Forward and inverse design for structural design via supervised autoencoder

Recently, there has been great interests in applying mechanine learning to design composite materials. Early studies in optimizing materials properties usually use a supervised machine learning (ML) model as a forward solver. Typically, a supervised ML model is trained with a very large datasets and then the supervised model is used to predict materials outside the traning sets. Another approach is to train a supervised model iteratively with small datasets, similar to optimization tool such as genetic algorithm or greedy algorithm, and ask the model to generate superior designs. More details can be found in my paper[1] or my other post on using CNN to search optimal kirigami design.

Another popular machine learning approach to generate new designs is generative model such as autoencoder (AE), variational autoencoder (VAE), and Generative Adversarial Neural Networks (GANs).
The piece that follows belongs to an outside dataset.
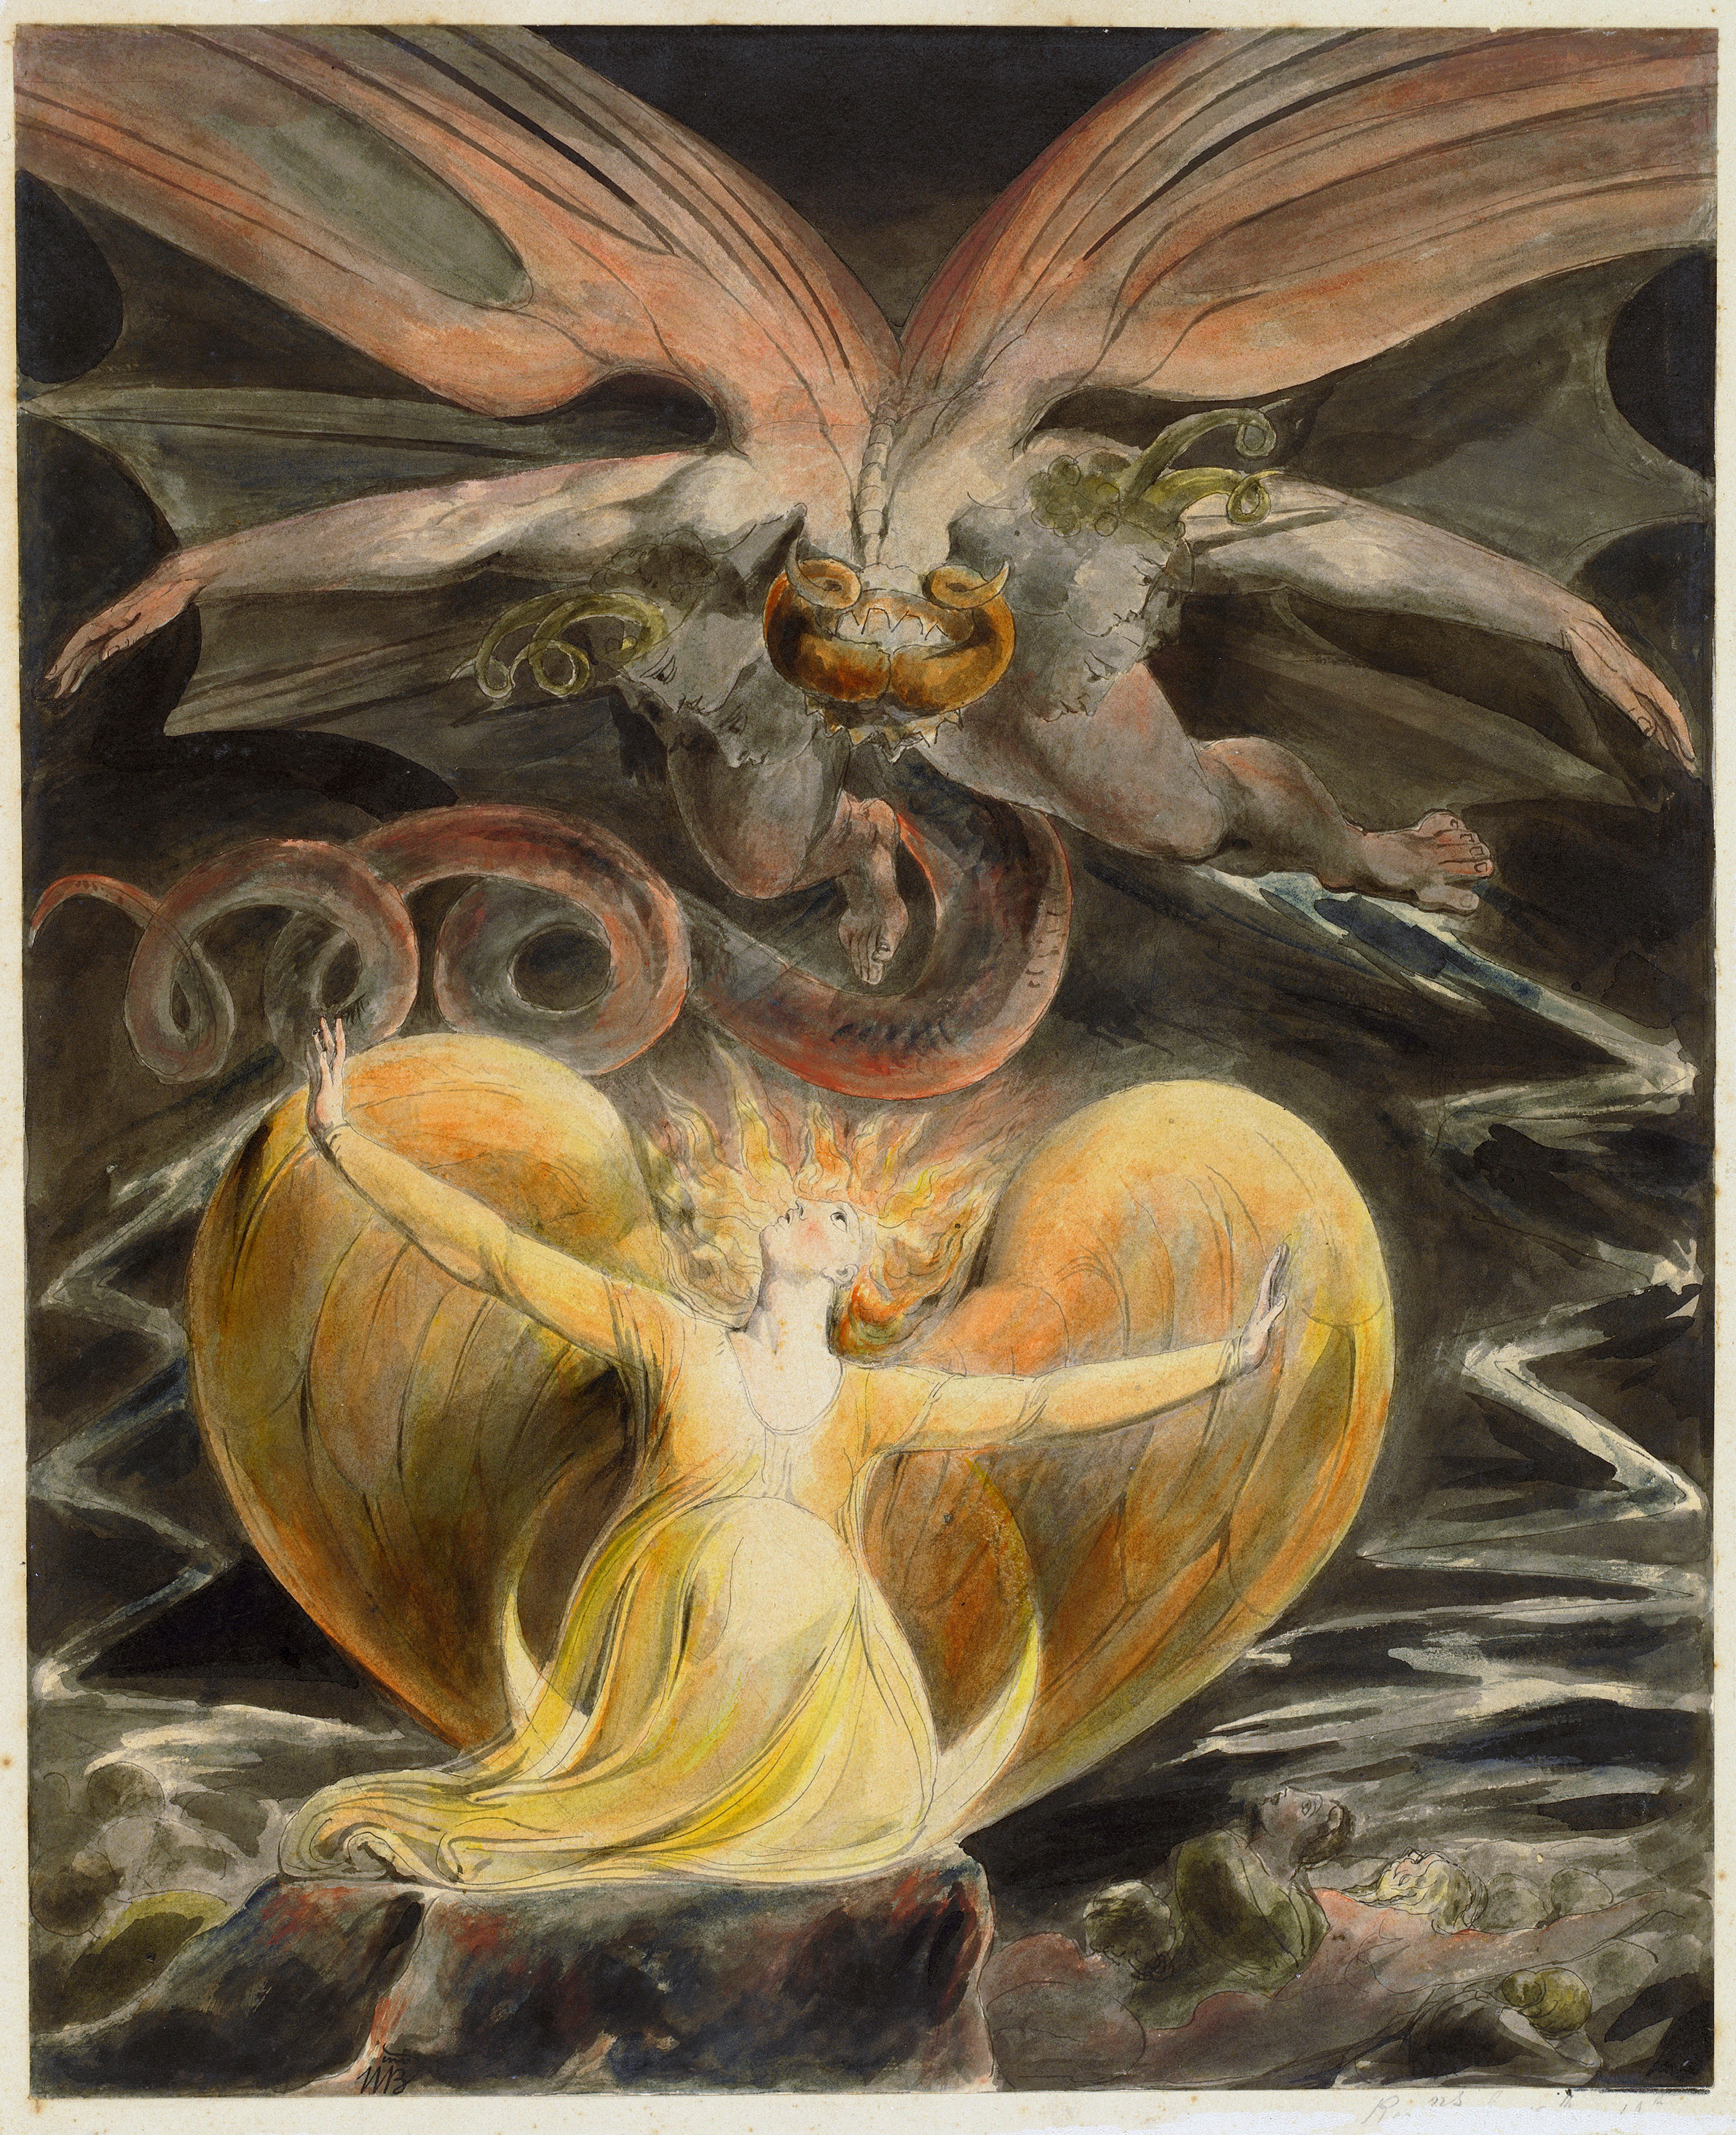 El Gran Dragón Rojo y la Mujer Vestida del Sol by William Blake - 1805 National Gallery of Art
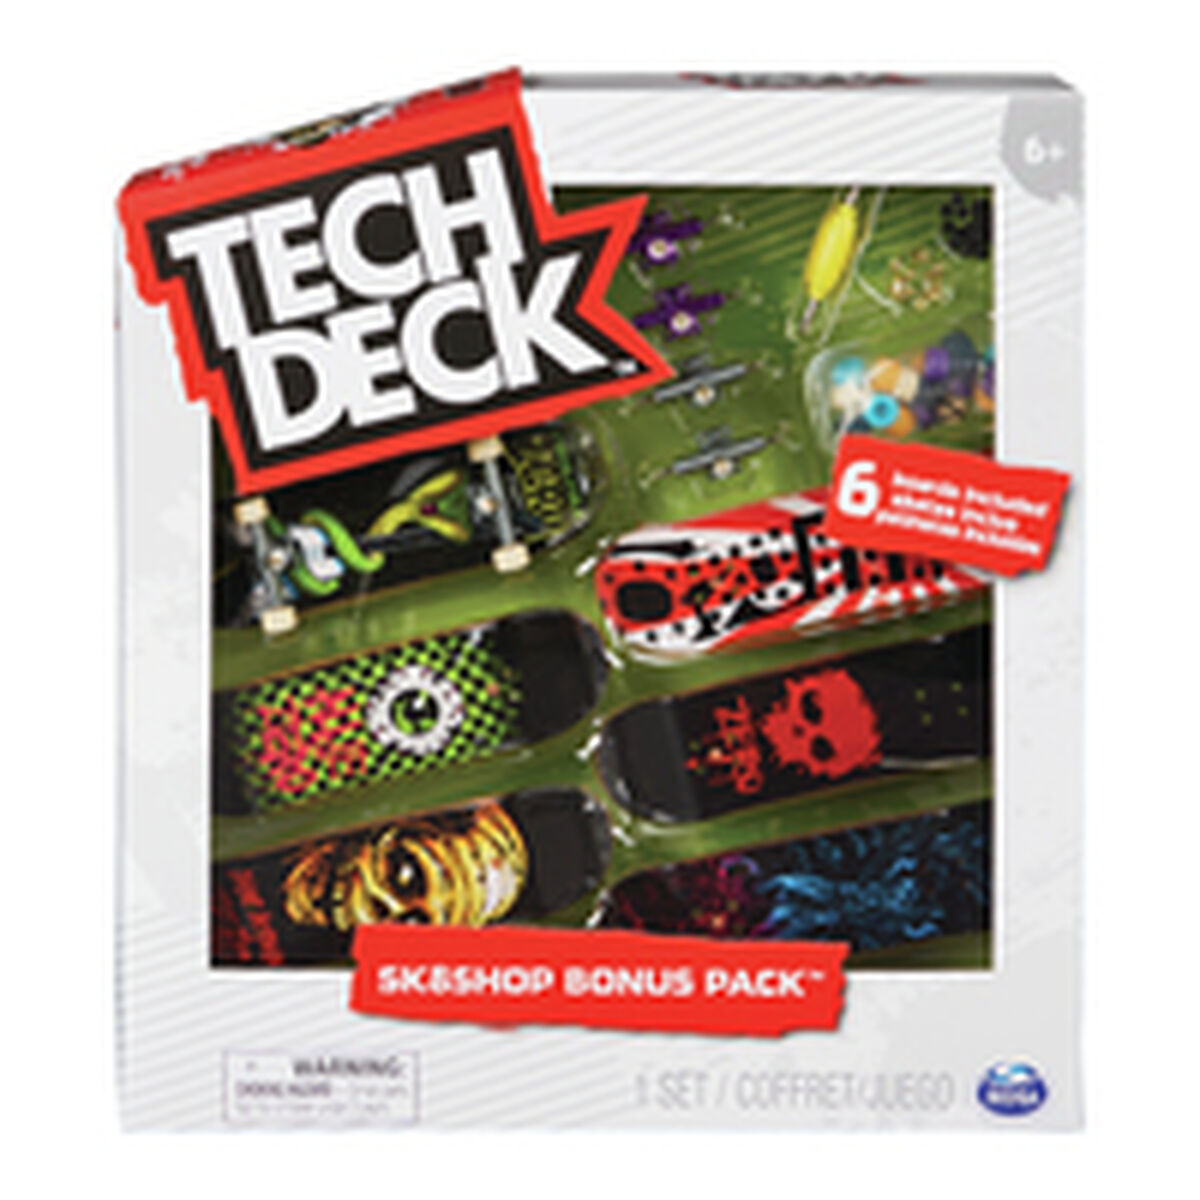 Vingerskateboard Tech Deck 6028845

Generative models have shown great success in generating realistic synthetic data. Motivated by this advancement, we adopted this type of generative models to solve forward and inverse problem in mechanics. In this work we propose a supervised autoencoder (sAE) for inverse structural design. We set up our training such that we can evaluate the effectiveness of interpolation (generating new designs) within and outside the training domain. First, we find that the sAE is able to generate designs consisting of mixed cuts even though the sAE is trained with kirigami structures with only parallel and orthogonal cuts, which shows the ability of sAE to perform interpolation in the latent space. Moreover, in the latent space, the sAE captures similarities and differences between distinct structures with different cut types whereas the information about cut types is not provided during the training. As generalization requires diversity in the training set, we can leverage the ability of the sAE to distinguish different structures in the latent space to use it as an exploration strategy to propose designs that lie outside the training data.

Basic principles of sAE

An autoencoder (AE) consists of two parts: (i) an encoder $\mathcal{E}$ that maps a vector to a reduced representation and (ii) a decoder $\mathcal{D}$ that reconstructs a vector to its original representation from the reduced representation. The standard loss function of AE is

\[\mathcal{L}^{\mathcal{X}}(\pmb{x},\pmb{x}')=\frac{1}{m}\sum_{i=1}^{m}|\pmb{x}^{(i)}-\pmb{x}'^{(i)}|^2=\frac{1}{m}\sum_{i=1}^{m}|\pmb{x}^{(i)}-\mathcal{D}(\mathcal{E}(\pmb{x}^{(i)}))|^2,\]

where $\pmb{x}\in{\rm R^n}=\mathcal{X}$ be the $n$-dimensional vector, and $\pmb{z}=(z_0, z_1, \cdots, z_{p-1})\in{\rm R^p}=\mathcal{Z}$ be the $p$-dimensional latent variables. Since we want to prescribe a user chosen design to the networks, we modify the loss function by “inserting” materials’ target properties into the latent space

\[\mathcal{L}^{\mathcal{Y}}(\pmb{y}, \pmb{z})=\frac{1}{m}\sum_{i=1}^{m}|\pmb{z}^{(i)}-\pmb{y}^{(i)}|^2=\frac{1}{m}\sum_{i=1}^{m}\sum_{k=0}^{d-1}|z_k^{(i)}-y_k^{(i)}|^2.\]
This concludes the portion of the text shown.